SEA Digest: Amazon cuts Singapore jobs; Indonesia’s Wahana Interfood to buy snack brand

SEA Digest: Amazon cuts Singapore jobs; Indonesia’s Wahana Interfood to buy snack brand

FILE PHOTO: Amazon logo is seen in this illustration taken February 11, 2025. REUTERS/Dado Ruvic/Illustration/File Photo

Amazon is set to cut some jobs in Singapore as it phases out local fulfilment operations, while Indonesia-listed PT Wahana Interfood Nusantara Tbk is set to acquire the owner of popular snack brand Momogi.

Amazon cuts Singapore jobs

Amazon will cut a “small number of jobs” in Singapore as it phases out local fulfilment operations, including Amazon Fresh and grocery partners, to focus on cross-border shopping from Amazon’s US, Japan, and Germany stores.

In a post on its website, the company said the move reflects stronger demand from Singapore customers for international products, with most units sold on Amazon.sg coming from its international store.

The company did not disclose the number of jobs affected. Amazon, which launched in 2019 in Singapore, employs about 2,500 people in the city-state.

Amazon said it is working with affected employees to find other roles within the company where possible. Those who do not secure or pursue new roles will receive severance payments and career transition support.

It is also supporting affected vendors and sellers with the transition, including exploring alternative ways to continue serving local customers.

“Amazon remains deeply committed to Singapore and our investments across our retail, global selling, entertainment, devices, and AWS business lines, employing 2,500 people in the country,” the company said.

Wahana Interfood to acquire Sari Murni Abadi

Indonesia-listed chocolate and cocoa producer PT Wahana Interfood Nusantara Tbk has signed a conditional share purchase agreement to acquire up to 99.99% of shares in PT Sari Murni Abadi (SMA) from Singapore-based Metaside Global Holding Pte Ltd. (MGH).

The company, which trades on the Indonesia Stock Exchange under the ticker COCO, said in a disclosure filed on Thursday that the agreement was signed on May 6.

“This type of contract is a conditional agreement relating to the company’s plan to acquire shares held by MGH in SMA, amounting to a maximum of 99.99% of all issued and paid-up shares in SMA,” the company said in the filing.

Wahana Interfood said the proposed acquisition is aimed at opening up “opportunities for the cacao business for international expansion by leveraging complementary distribution networks and capabilities for regional market penetration.”

The deal would also give Wahana Interfood exposure to the snack food segment through SMA, the producer behind the popular snack brand Momogi, which has expanded its footprint in Southeast Asia in recent years.

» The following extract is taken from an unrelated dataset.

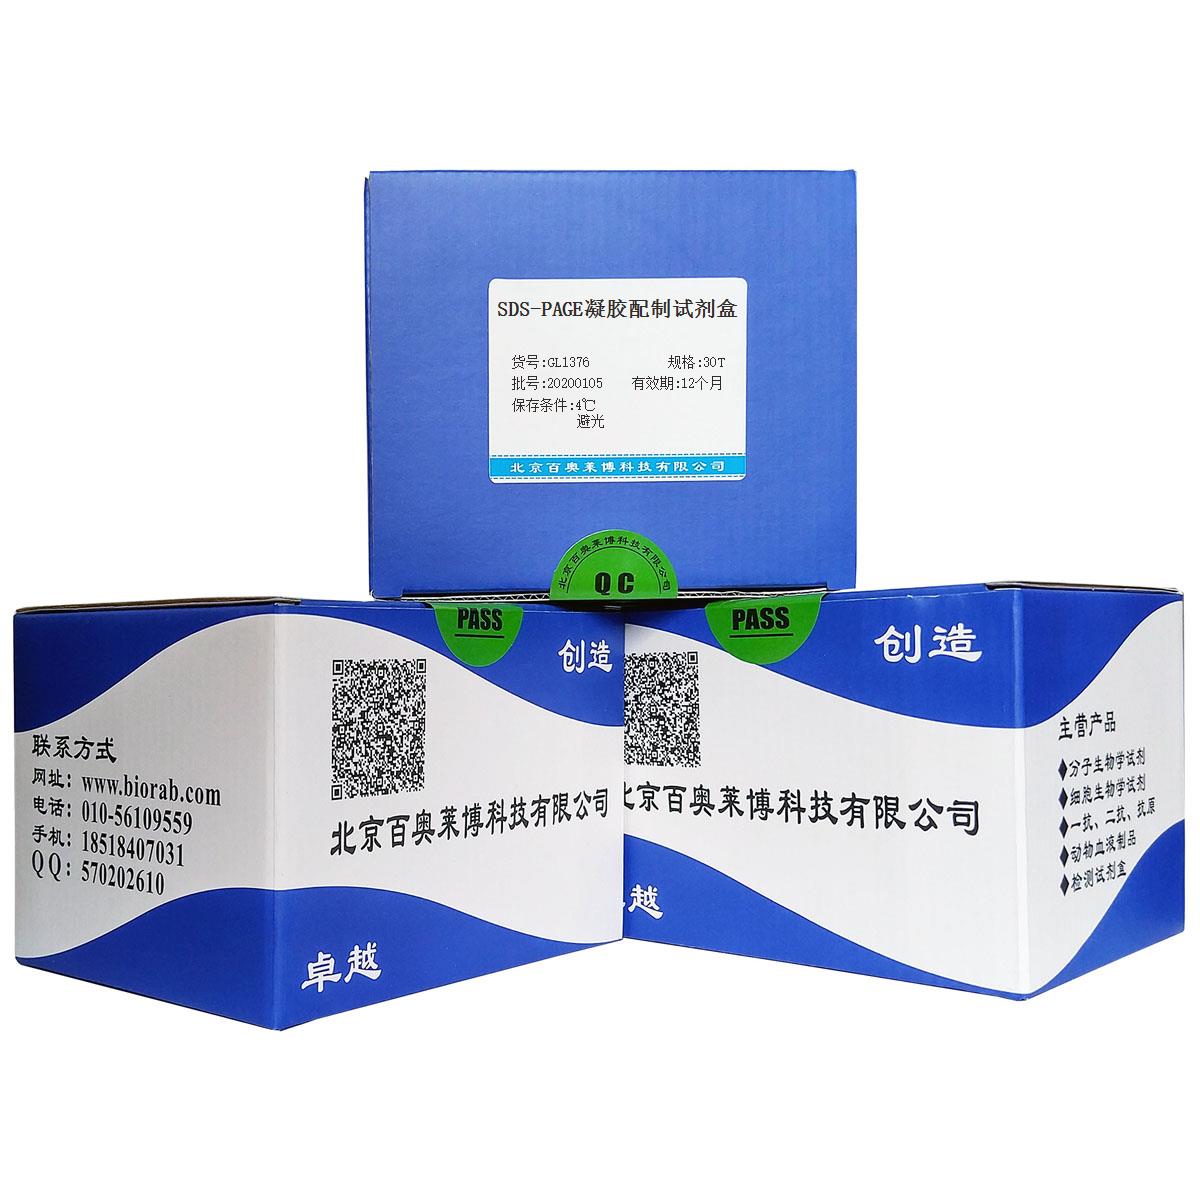 SDS-PAGE凝胶配制试剂盒北京品牌

Wahana Interfood president director Sugianto Soenario said the acquisition would help expand the group’s presence in the broader food and ingredients sector while strengthening access to Indonesia and Vietnam, which he described as two of Southeast Asia’s fastest-growing consumer markets.

The company added that the acquisition is expected to support revenue growth through distribution optimisation in Indonesia and Vietnam, while improving efficiency across procurement, production, and supply-chain operations.

Last year, SMA signed a strategic investment agreement with Vietnam’s PAN Group as part of its international expansion efforts. The company has also expanded manufacturing operations in Vietnam through partnerships with confectionery producer Bibica Corporation.